## [Records to use]

——

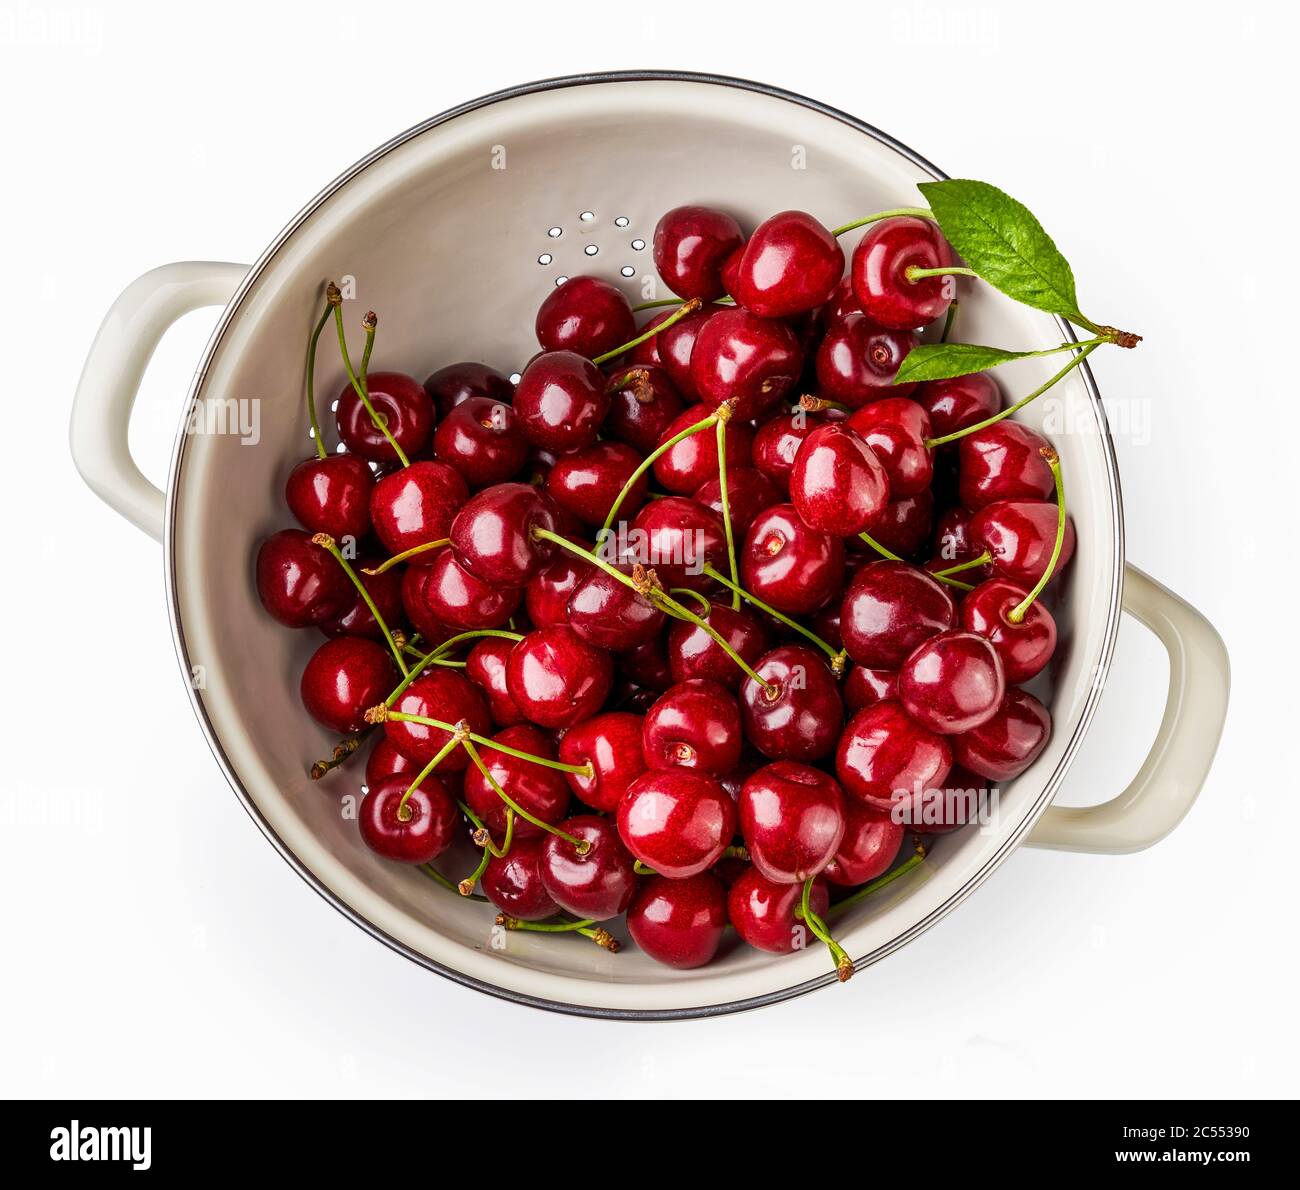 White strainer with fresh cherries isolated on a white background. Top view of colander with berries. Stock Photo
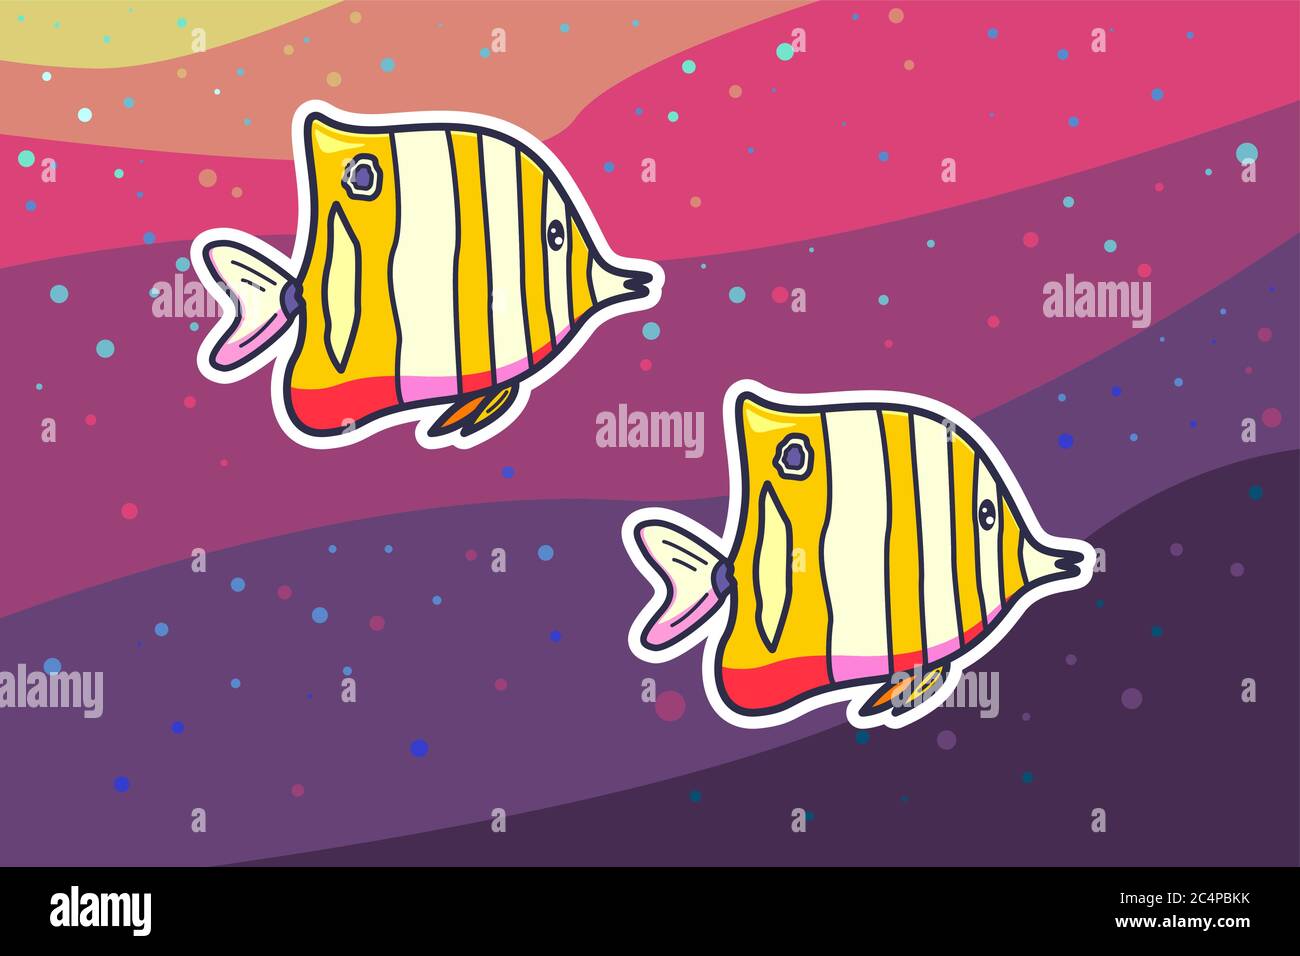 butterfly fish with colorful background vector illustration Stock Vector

——

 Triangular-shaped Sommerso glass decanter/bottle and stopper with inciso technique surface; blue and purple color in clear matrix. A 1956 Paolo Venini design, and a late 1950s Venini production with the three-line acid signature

——

## [Work instructions]
What is needed is an exact copy of the lines above, from the one holding "White strainer with" down to the one holding "butterfly fish with", with those two included and the pictures left out.

## [Solution for this exercise]
 White strainer with fresh cherries isolated on a white background. Top view of colander with berries. Stock Photo
 butterfly fish with colorful background vector illustration Stock Vector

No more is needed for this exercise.